Abstract
AIM
To describe an association between extrafoveal vitreoretinal traction and chronic macular edema, either diffuse (DiME) or cystoid (CME), by the use of optical coherence tomography (OCT).
METHODS
Charts and OCT findings of two patients with persistent DiME or persistent DiME accompanied by CME, both associated with extrafoveal vitreous traction membranes were analyzed. Excluded were eyes that either had another vitreoretinopathy that could affect the analysis, had undergone pars plana vitrectomy or that had been treated by intravitreal medications. An age-matched normal control group for OCT (n=12) allowed for the quantification of the normal macular thicknesses.
RESULTS
One patient (one eye) following perforating ocular injury and one patient (one eye) of idiopathic origin, both with chronic macular edema refractive to conventional treatment, were found to be associated with extrafoveal vitreoretinal traction in each eye. Retinal edema that was underlying the traction site in each eye was in continuum with the central macular edema, thus manifesting as diffuse macular edema. The automatic central 6-radial lines program in the OCT enabled the detection of the traction site in one eye, while in the other eye the diagnosis was achieved only with the additional use of the Line group program.
CONCLUSION
Chronic diffuse macular edema might be related to extrafoveal vitreoretinal traction. Careful search with the diverse OCT programs should be made in order to detect extrafoveal traction sites. Further studies and a larger cohort are required to compare the efficacy of early vitrectomy or pharmacologic vitreolysis versus the current therapeutic approaches in these situations.
Keywords: extrafoveal vitreous traction, macular edema, optical coherence tomography, ocular perforation
INTRODUCTION
Macular edema may appear in a diffuse and/or cystoid pattern and is related to diverse etiologies including ocular vascular diseases (i.e. diabetic retinopathy and retinal vein occlusion) as well as non-vascular circumstances such as pseudophakia, penetrating ocular injury and uveitis.
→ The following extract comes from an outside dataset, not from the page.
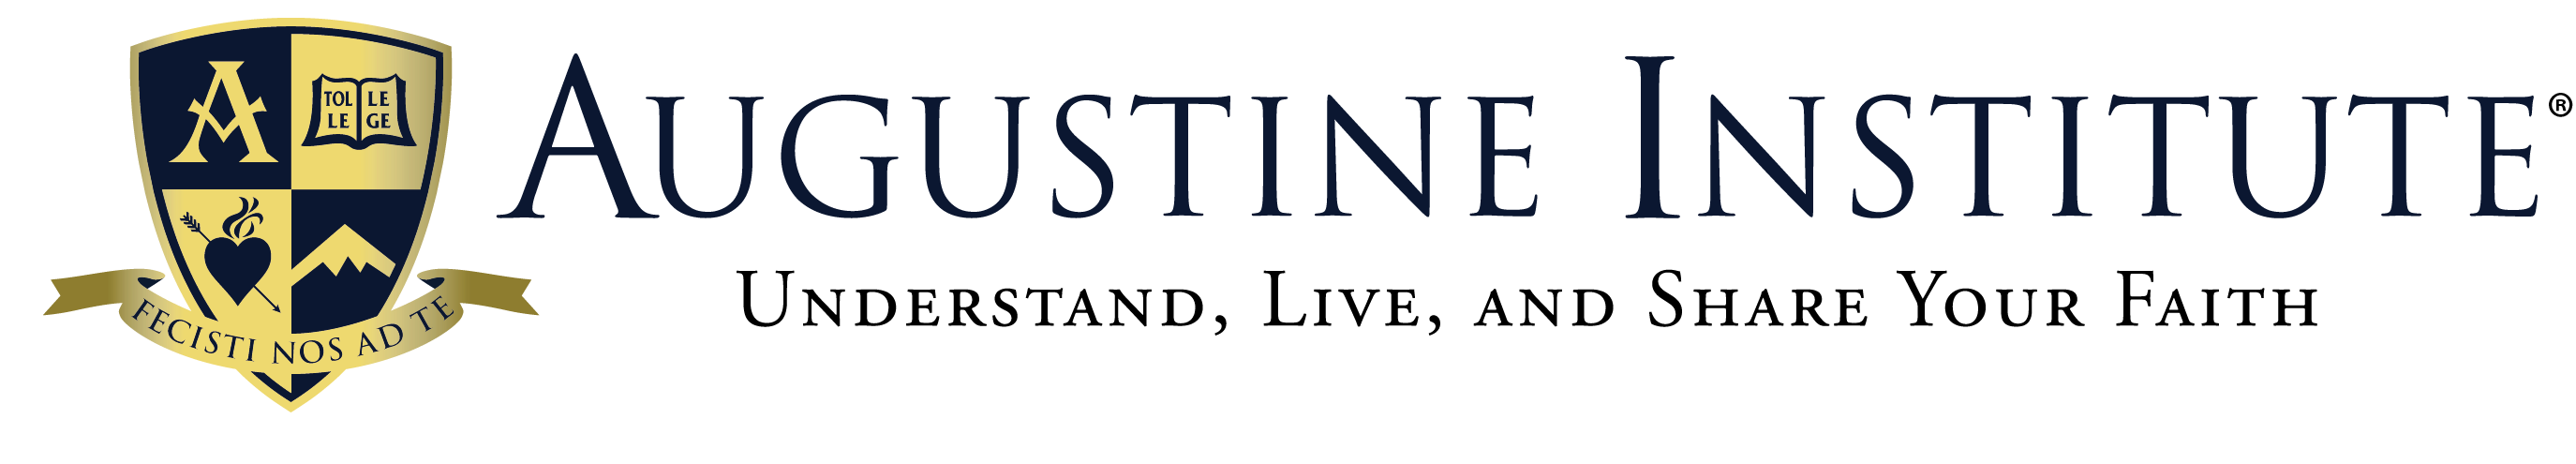 Augustine Institute logo

The onset of macular edema has been associated with the breakdown of the blood-retinal barrier caused by diverse mechanisms like the expression of inflammatory mediators (e.g., prostaglandins)[1],[2] and/or vascular endothelial growth factor (VEGF). Other documented causes of macular edema are those associated with tractional forces such as vitreofoveal traction[3] as well as vitreous traction membranes that are located extrafoveally[4],[5], either retinal or at the optic nerve head (ONH; i.e. vitreopapillary traction). Epiretinal membranes (ERM) have also been found to be associated with macular edema[6].
Prompt treatment of macular edema is required since irreversible macular changes might occur if macular edema is present for a long time[7]. Various pharmacologic agents are commonly used for the treatment, including topical, sub-Tenon's, intravitreal and systemic corticosteroids, oral and topical nonsteroidal anti-inflammatory agents (NSAIDs), and antiangiogenic agents such as bevacizumab (Avastin)[8]. However not all patients respond to these therapies[9] or sometimes their benefit is only temporary[8],[10]. Regarding surgery, pars plana vitrectomy (PPV) has been reported relatively beneficial for the reabsorption of macular edema in various conditions (diabetes, retinal occlusive disease, pseudophakia)[11]. Recently, pharmacologic vitreolysis has been reported efficacious in the treatment of macular edema of diverse origins. Sakuma et al[12] described marked improvement of macular edema and visual acuity associated with total posterior vitreous detachment (PVD) in 23 of 26 eyes with branch retinal vein occlusion (BRVO) after a single intravitreal injection of autologous plasmin enzyme. Similarly, Stalmans et al[13] reported a success rate of 58% in releasing vitreomacular adhesions that resulted from various etiologies and a reduction of macular edema after repeated intravitreal injections of microplasmin.
The optical coherence tomography (OCT), which provides an “optical biopsy” of the macula and the posterior pole in a near-histological level of resolution enables, by careful search, the detection of extrafoveal vitreoretinal traction sites among other macular abnormalities[4],[5]. This study presents the OCT findings of two cases in which intractable chronic macular edema was found to be associated with extrafoveal vitreoretinal traction in each.
MATERIALS AND METHODS
Materials
Patients were included in the study if the chronic macular edema (>6 months) was related to vitreoretinal traction membranes. Exclusion criteria covered eyes that had: 1) another retinopathy that could affect the data analysis; 2) vitreoretinal adherence without signs of retinal traction or vitreous traction without macular edema; 3) undergone vitreoretinal surgery; 4) been treated by intravitreal administration of medication(s), or 5) eyes in which the OCT scans were of too low a quality for a proper diagnosis and measurements.
Methods
In an institutional retrospective study, we analyzed the charts and OCT scans (OCT 2000, Humphrey Zeiss Inc., San Leandro, CA, USA) of two patients who had chronic macular edema associated with extrafoveal vitreoretinal traction. One patient had undergone a perforating ocular injury and the origin of the second patient was idiopathic. Clinical examination included Snellen best-corrected visual acuity (BCVA) and slit-lamp and fundus examinations. OCT examination of the eyes was thereafter performed through a dilated pupil by one of two trained examiners. With the OCT, each evaluation of macular edema was routinely initiated by using the Automatic 6-radial lines program directed to the fixation point and focused on the central macula each oriented 30° from one another. This was followed using the Line group program, which the examiner can control manually by focus, scan length and angle, as well as by site of examination that routinely included the ONH. Scans were taken at various angles and lengths (a shorter scan increases resolution) to search for a vitreous traction site at the area centralis (between the vascular arcades) away from the macula. When an extrafoveal vitreous traction was detected, that site was examined to determine whether its underlying retinal edema (or subretinal fluid) was in continuum with the central macular edema.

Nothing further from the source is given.